The development of percutaneous biopsy methods decreased the gap between follow-up imaging and tissue sampling. These techniques allow radiologists to acquire tissue samples without a visit to a surgeon or an intraoperative procedure. Risks of undesirable cosmetic outcomes are reduced along with morbidity. Compared with an operation, percutaneous tissue sampling is faster and less expensive. In 1997, Brenner and Sickles estimated the cost savings of periodic mammographic follow-up versus percutaneous biopsy to be $1040. A similar study of the cost savings of follow-up breast MR imaging has not been published.

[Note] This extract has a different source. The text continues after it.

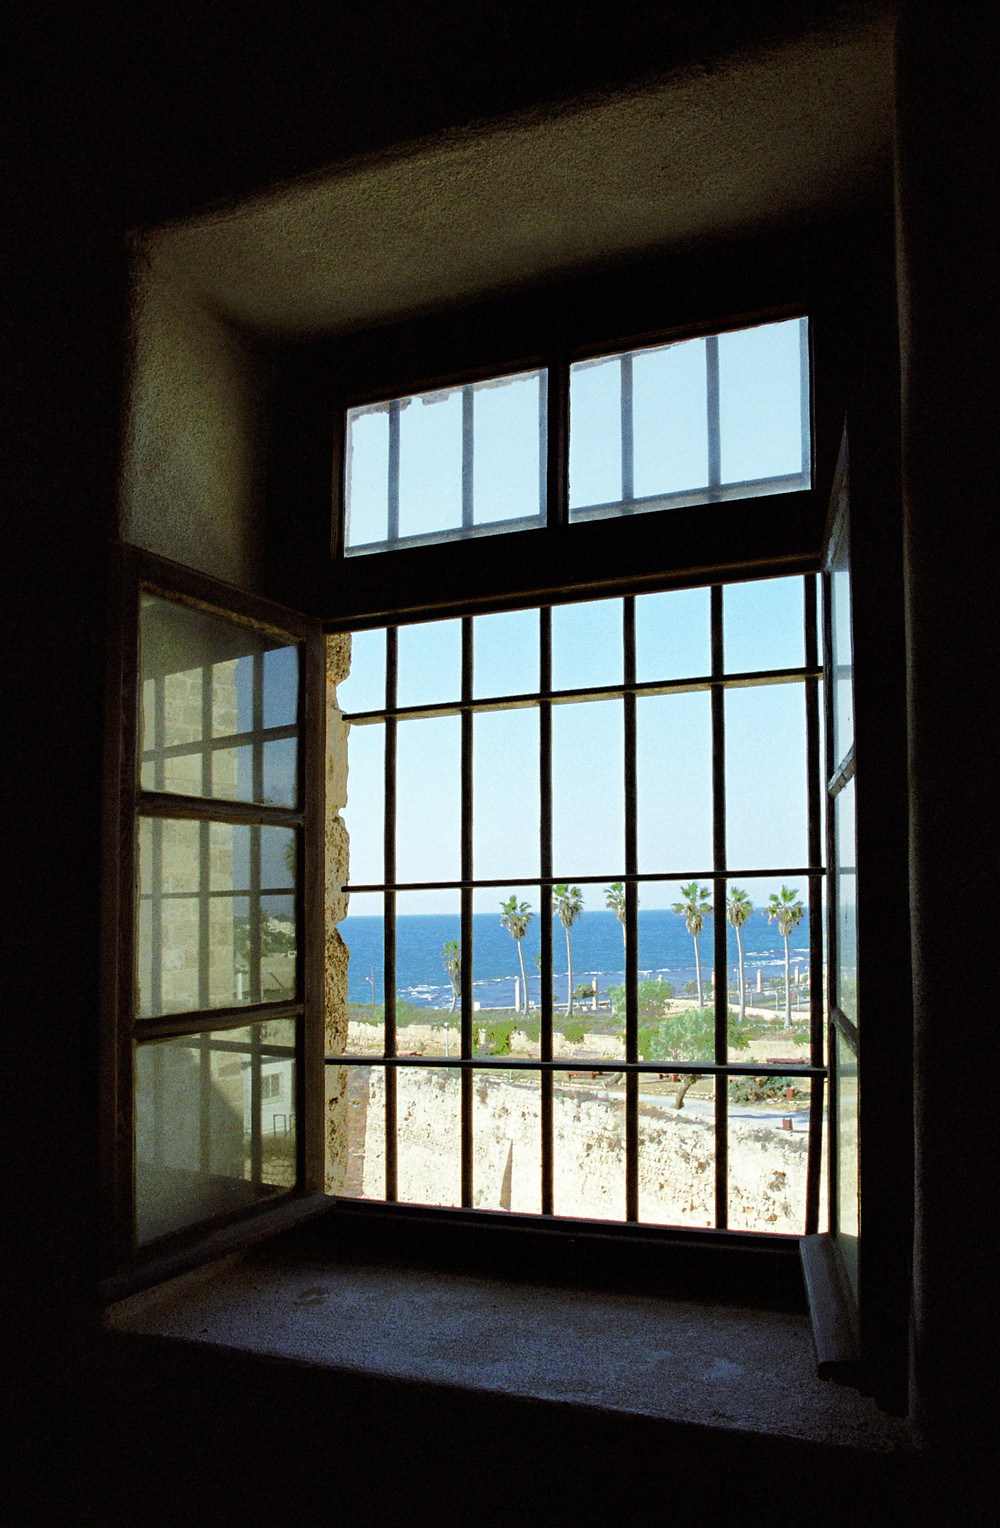 A janela da cela de Bahá'u'lláh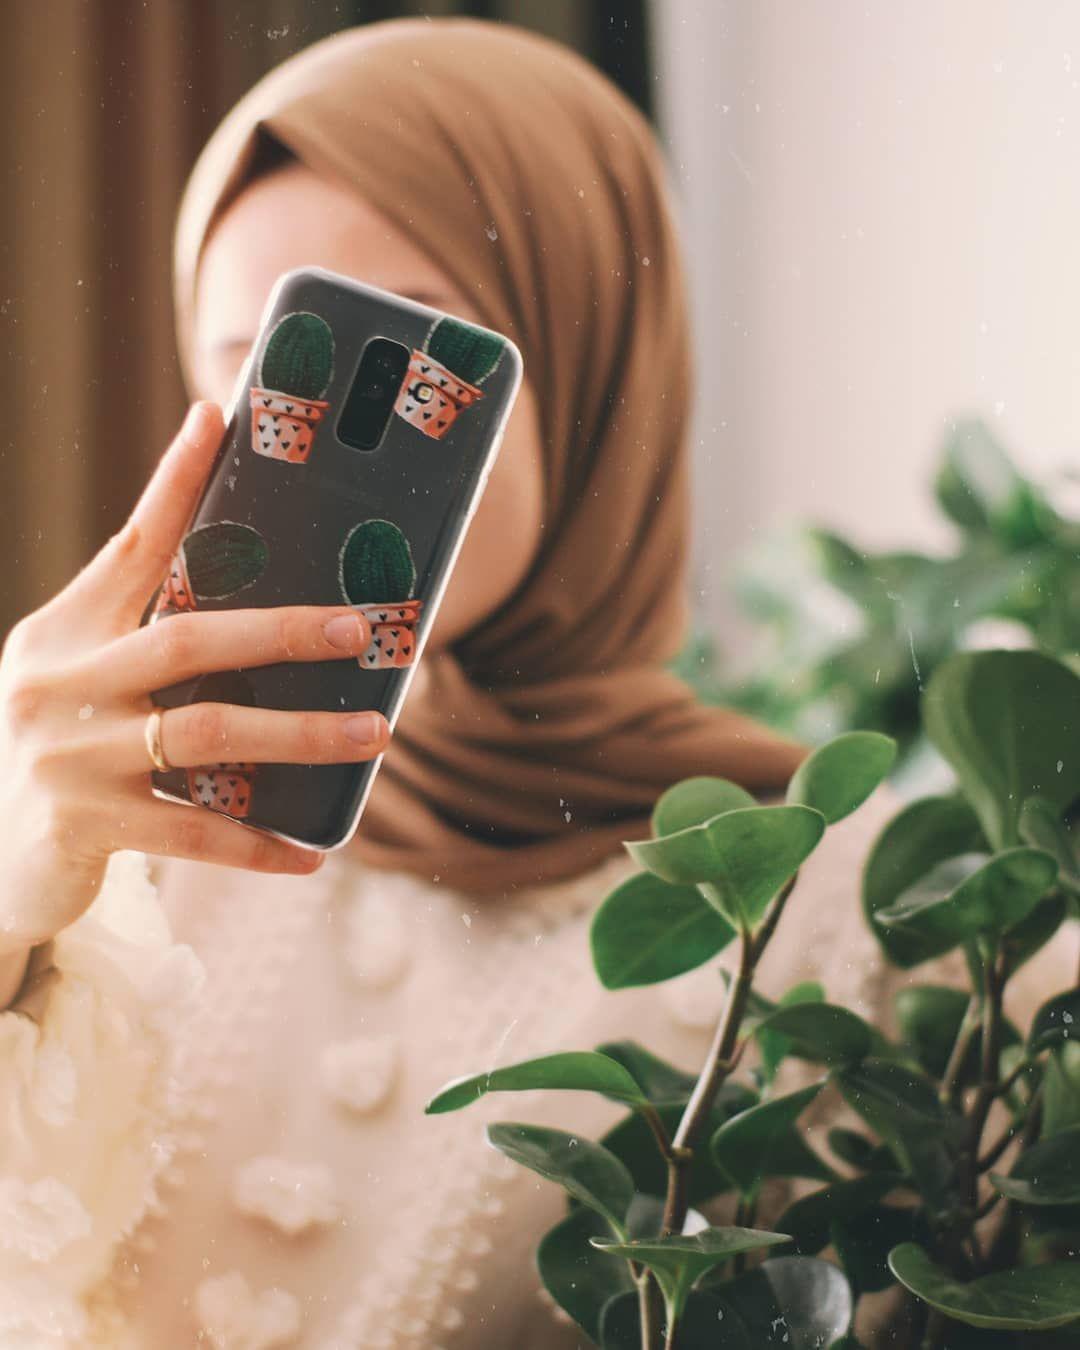 2 391 Likes 351 Comments محجبات Hijab Zenab 3mar On Instagram شو لون كفر موبايلك Hijabi Girl Girly Photography Modest Fashion Hijab

At a minimum, patients that participate in an annual high-risk screening MR imaging program and receive a BI-RADS 3 assessment may undergo a single extra breast MR imaging at 6 months in lieu of MR-guided tissue sampling. These patients may thus benefit by having follow-up MR imaging that is less expensive and invasive than a tissue sampling procedure. However, this must be balanced against the risks. The patient population undergoing MR imaging has a higher baseline level of risk for malignancy than the general population undergoing screening mammography. The high-risk group may also be younger, have higher levels of anxiety, and have more aggressive tumors. The latter is particularly critical to the safety of short-term follow-up because the stated goal is to allow imaging surveillance of a lesion without a change in prognosis. Additional research is needed to determine if a balance that is acceptable can be achieved.